1890年のゴッボの死後から発見されるまでの75年の間、リボルバーは土の中に埋まっていたのです。
リボルバーを発見した農民は、ある宿主に銃を譲渡したといいます。
2019年6月19日、パリでそのリボルバーのオークションが行われたのですが、実は著作者の原田さんはその様子を現場で見ていたそうです。
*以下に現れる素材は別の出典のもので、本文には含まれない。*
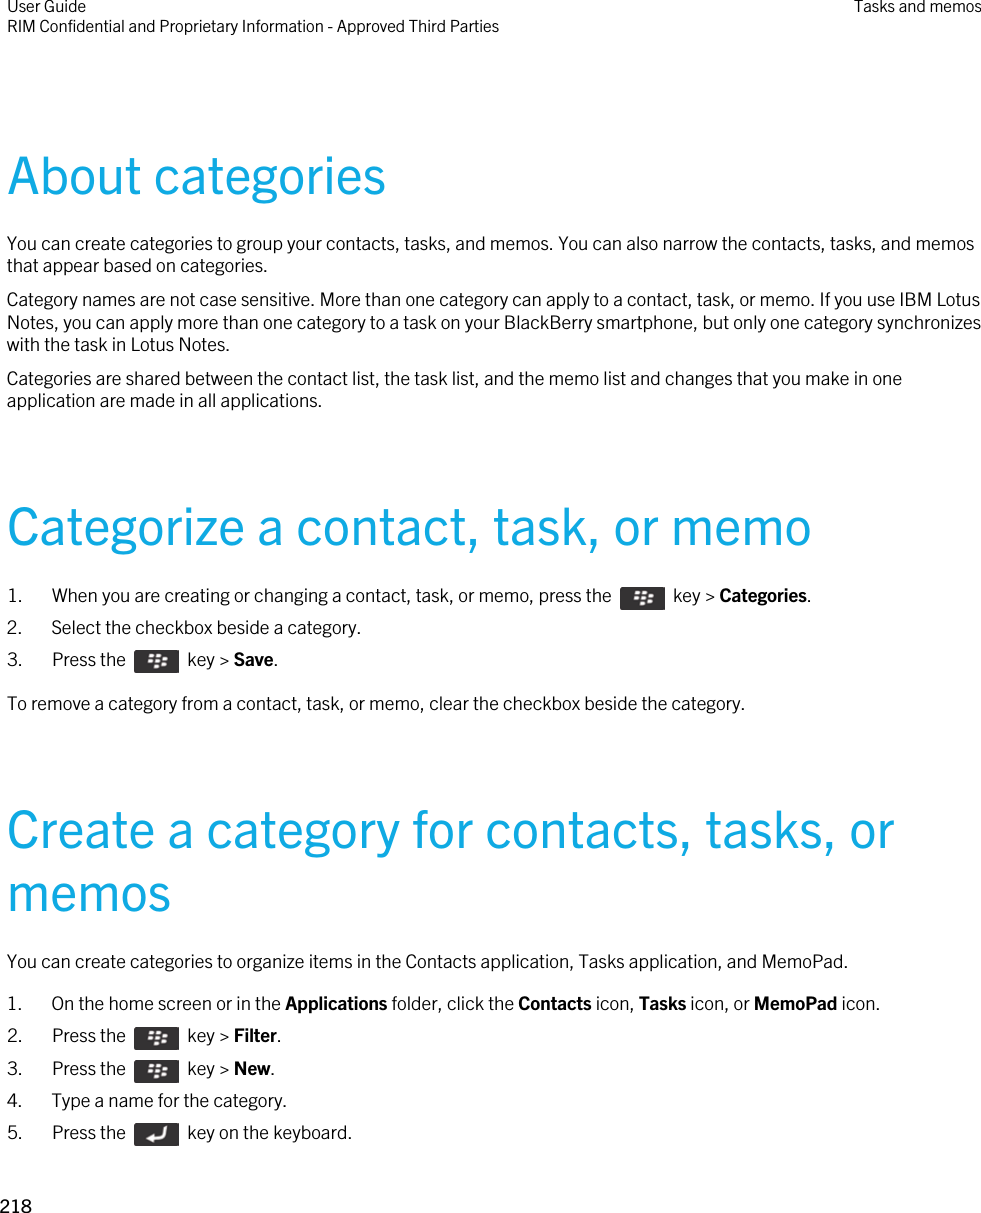 About categoriesYou can create categories to group your contacts, tasks, and memos. You can also narrow the contacts, tasks, and memos that appear based on categories.Category names are not case sensitive. More than one category can apply to a contact, task, or memo. If you use IBM Lotus Notes, you can apply more than one category to a task on your BlackBerry smartphone, but only one category synchronizes with the task in Lotus Notes.Categories are shared between the contact list, the task list, and the memo list and changes that you make in one application are made in all applications.Categorize a contact, task, or memo1.  When you are creating or changing a contact, task, or memo, press the    key &gt; Categories. 2. Select the checkbox beside a category.3.  Press the    key &gt; Save. To remove a category from a contact, task, or memo, clear the checkbox beside the category.Create a category for contacts, tasks, or memosYou can create categories to organize items in the Contacts application, Tasks application, and MemoPad.1. On the home screen or in the Applications folder, click the Contacts icon, Tasks icon, or MemoPad icon.2.  Press the    key &gt; Filter. 3.  Press the    key &gt; New. 4. Type a name for the category.5.  Press the    key on the keyboard. User GuideRIM Confidential and Proprietary Information - Approved Third Parties Tasks and memos218

発見されたリボルバーは13万ユーロ(約1,579万円)で落札され、予想価格の2倍以上でした。
出品者は、リボルバー所有者の子供。
原田さん
すごくおもしろい題材になりそう。
ゴッホが自殺に使ったかもしれないピストルを巡る物語を描こう。
当時、130年前の前衛画家たちが何を思い、何を苦しみ、何のために描いたのか明らかにしてみたかったそうです。
まとめ
ゴーギャンは悪役っぽいが、でも良きライバルであり同士のような存在ですね。
最初、アート小説と聞いてアートに詳しくない私には難しいかなと思っていたのですが、物語の進み方が丁寧で入り込みやすかったです。
主人公がフランスで奮闘するで日本人の女の子ということで、その部分も共感しましたし応援したくなるのもポイントだと思います。